The professionals will do this by decimating local housing stock. Instead of the school teacher who lets out her seaside house for ten days in August, you now have the economically ambitious buying house after house in her neighborhood to take advantage of the arbitrage inherent in switching from annual to nightly rentals. For example: you can Airbnb a $3,000-a-month studio apartment in Palo Alto today and net $7,000. If you were cold-hearted enough to buy say a twenty-unit apartment building and evict its tenants, you could in one bold stroke both deprive your city of badly-needed rental units and make a small fortune.

And you don’t need to get your hair mussed—you can hire someone to handle all of the unpleasant details for you. Just as countless pilot fish swim around the EBay whale to help you sell your junk, property management companies that will manage your Airbnb portfolio are proliferating. For a small start-up fee, they will photograph your units, list them on Airbnb and then handle it all for you—reference checks, cleaning, check-ins, etc.—for about twenty percent of your gross income. After you deliver your building to one of these short-term rental agencies, you turn on the auto-pilot and await your checks.

As cold-hearted landlords are seldom in short supply, this strategy will repeat itself over and again until either hotel demand is satiated or we—the citizenry—step in to prevent it.

And we must.

The negative effects of pirate hotels hollowing out a neighborhood are too straightforward to dwell upon: as apartments and homes are lost, long-term rents for the area’s true residents rise; the city suffers from lost hotel revenue; and hotel workers have fewer hours, displaced by lower-than-minimum-wage cleaning companies who handle the Airbnb trade.
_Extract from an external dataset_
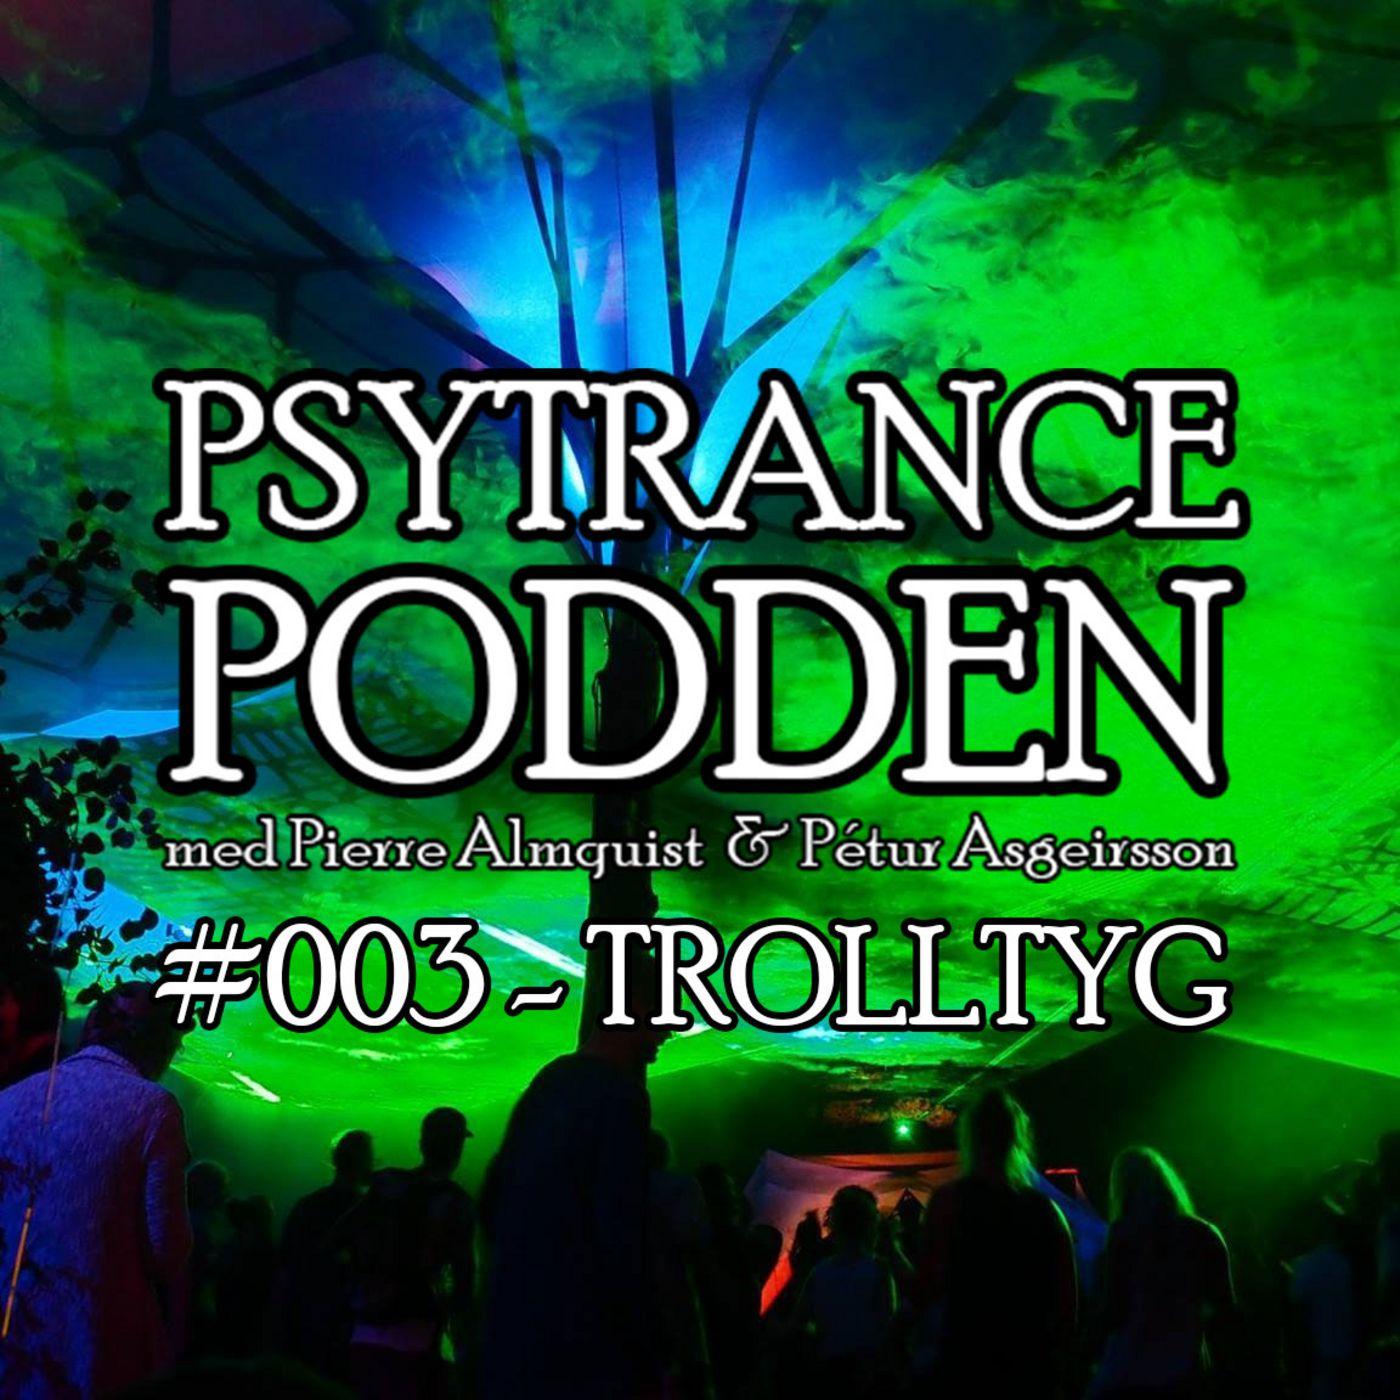 #003 - Trolltyg

While more personal than societal, the most palpable harm Airbnb and the others in the home-eliminating industry—notably Homeaway and its subsidiary, VRBO—are causing might be termed the “Animal House” effect. To save 1,000 words, pictured is a Santa Cruz beach house listed on VRBO for $735 a night. It sleeps sixteen, has a hot-tub, fire-pit and a full-sized pool table. A neighbor who regularly cleans up the beach the morning after its all-night parties calls this listing his “nemesis.”

This has to stop.

It won’t if the hoods in hoodies have their way. They are doing everything they can to fight—or buy off—each municipality that awakens to their threat. But in spite of its intense old-school lobbying efforts and multi-million dollar political campaigns, the industry may finally be tripped by something as prosaic as demographics. Airbnb is not ripping apart the peace, quiet and social fabric of poor neighborhoods. Compton and Fresno are unscathed by its depredations. Rather, Airbnb is chipping away at America’s trendiest towns, the places where the privileged own five million dollar pied-a-terres, where the residents have their politicians’ cell numbers on speed-dial. Once the have-a-lots throw their drinks across the lawn and take to the streets, Airbnb just may be brought to heel.